7. The electronic device fault diagnosis system according to claim 1, characterized in that: old cell state C at t-1 input of long-short term memory network LSTM_t-1Transmitting Sigmoid activation function sigma vector to forgetting gate f through gate control circulation unit circulation node_tAnd old cell state C_t-1Discarding part of information by multiplying old cell state point by point, then multiplying the output value of the tanh layer and the Sigmoid layer, and adding the vector sum needing to be updated

Obtaining a new cell state C_t(ii) a Forget door f_tReading previous sequence hidden layer output h_t-1Vector x from the input of the present sequence at time t_tAnd cell state C_t-1Obtaining the content to be discarded and retained in the cell state of the previous layer through a Sigmoid activation function, and inputting a gate i_tCreating a new candidate vector at the tanh level

Obtaining a new cell state C_t(ii) a Outputting h through previous sequence of hidden layers_t-1And the vector of the input of the present sequence at time tx_tThe summed vector sum passes through the sigma layer through the output gate o_tMultiplying the output value to the output of the tanh layer to play a role of scaling, and outputting the hidden layer h at the time t_tA value between 0 and 1, wherein 0 represents that no amount is allowed to pass, and 1 represents that any amount is allowed to pass

8. The electronic device fault diagnosis system according to claim 7, characterized in that: long-short term memory network LSTM calculates forgetting gate f by following calculation formula_tAnd input gate i_tAnd an output gate o_tCell state C_tHidden layer output h_t：

f_t＝σ(W_fcC_t-1+W_fhh_t-1+W_fxx_t+b_f)

i_t＝σ(W_icC_t-1+W_ihh_t-1+W_itx_t+b_i)

o_t＝σ(W_ocC_t+W_ohh_t-1+W_oxx_t+b_o)

C_t＝f_tC_t-1+i_t⊙tanh(W_chh_t-1+W_cxx_t+b_c)

h_t＝o_t⊙tanh(C_t)

Where σ is Sigmoid function

h_t-1W represents h_t-1，C_tTo a new cell state, C_t-1Is old cell state,. indicates element-by-element multiplication, vector x_tAnd can learnB represents bias terms for the respective gate and cell states.

9. The electronic device fault diagnosis system according to claim 1, characterized in that: the recurrent neural network module includes: embedding mapping layer E_tThe input layer of the fault event sequence and the time sequence input layer acquire the fault event sequence and the time sequence data from the database and then input the data into two LSTMs of the time sequence LSTM and the fault event sequence LSTM, and the two LSTMs are connected to one embedded mapping layer E_tMapping layer E_tInformation from the two LSTMs is fused and sent to a fault prediction module, and a network point process intensity function is calculated through the following calculation formula:

wherein the content of the first and second substances,

indicating the state of the cell at event e,

and

10. The electronic device fault diagnosis system according to claim 1, characterized in that: the fault prediction module comprises a fault time stamp prediction layer, a fault event main type prediction layer and a fault event subtype prediction layer which are sequentially connected, wherein the fault time prediction layer, the fault event main type prediction layer, the fault event subtype prediction layer and the fault time stamp prediction layer respectively output a predicted main type, a predicted fault event subtype and a fault event related time stamp, an input signal propagates to a hidden layer and an output layer by layer after passing through an action function from the input layer, and the fault prediction module finally outputs the fault event subtype without a layered structure in the fault event prediction layer after obtaining the output of an embedded mapping layer.
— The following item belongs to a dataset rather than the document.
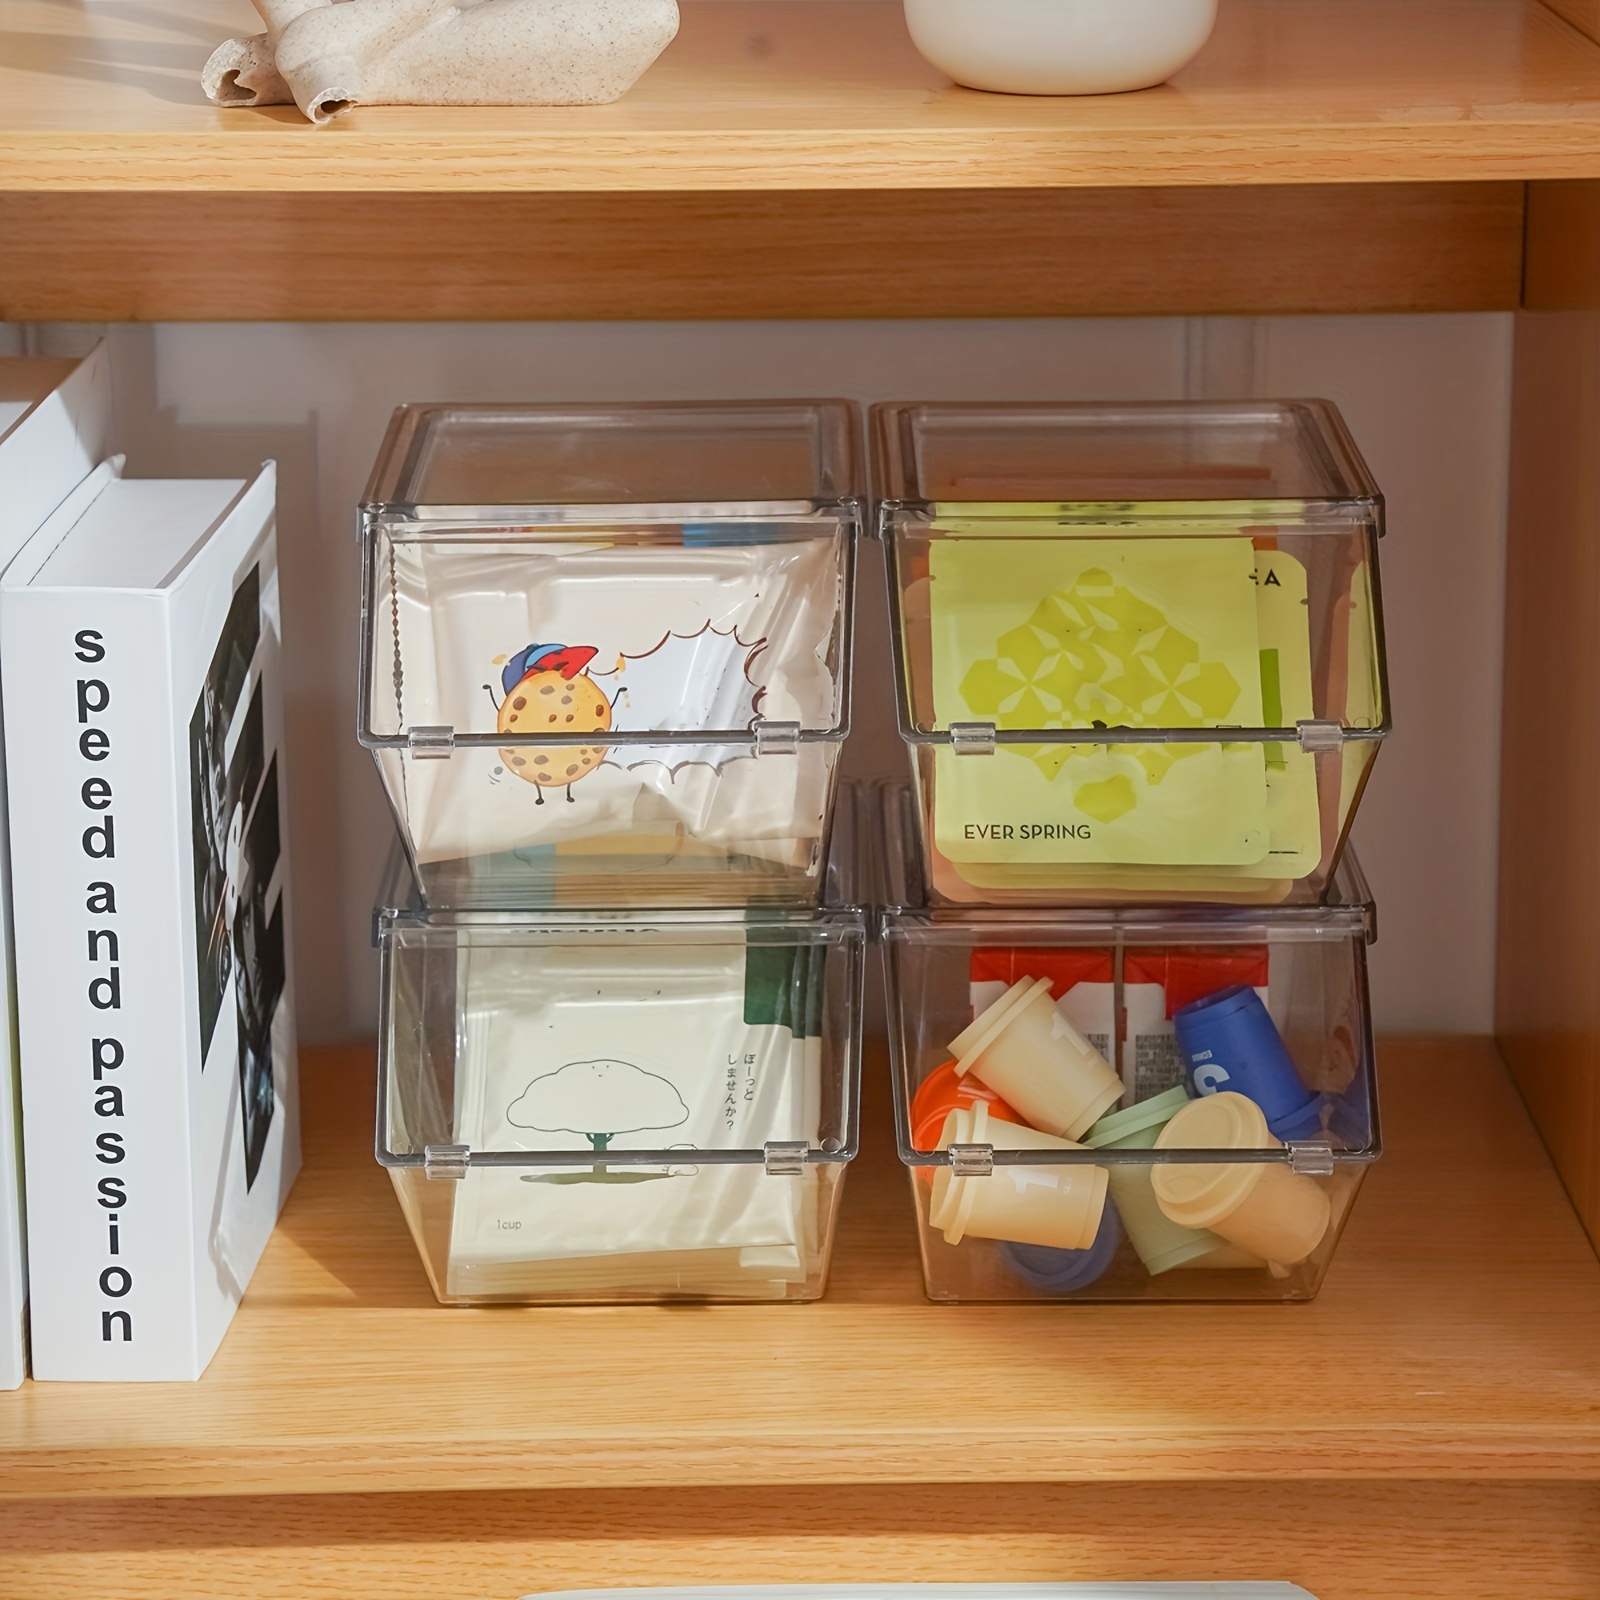 Casewin Plastic Storage Boxes, Multiple Colour Organisation

The main calculation formula is as follows:

M_t＝sotfMax(W_ME_t+b_M)

m_t＝softMax(W_m[E_t,M_t]+b_m)

y_t＝W_yE_t+b_y

wherein M is_tAnd m_tIndicating the main type and subtype, y, respectively, of the fault event at time t_tA timestamp associated with each fault event is indicated. softMax denotes the softMax function, W_M、W_mAnd W_yWeights representing fault main type, fault sub type and fault time, respectively, b_M、b_mAnd b_yBias terms representing fault main type, fault sub type and fault time, respectively, E_tRepresenting the output of the embedded layer at time t.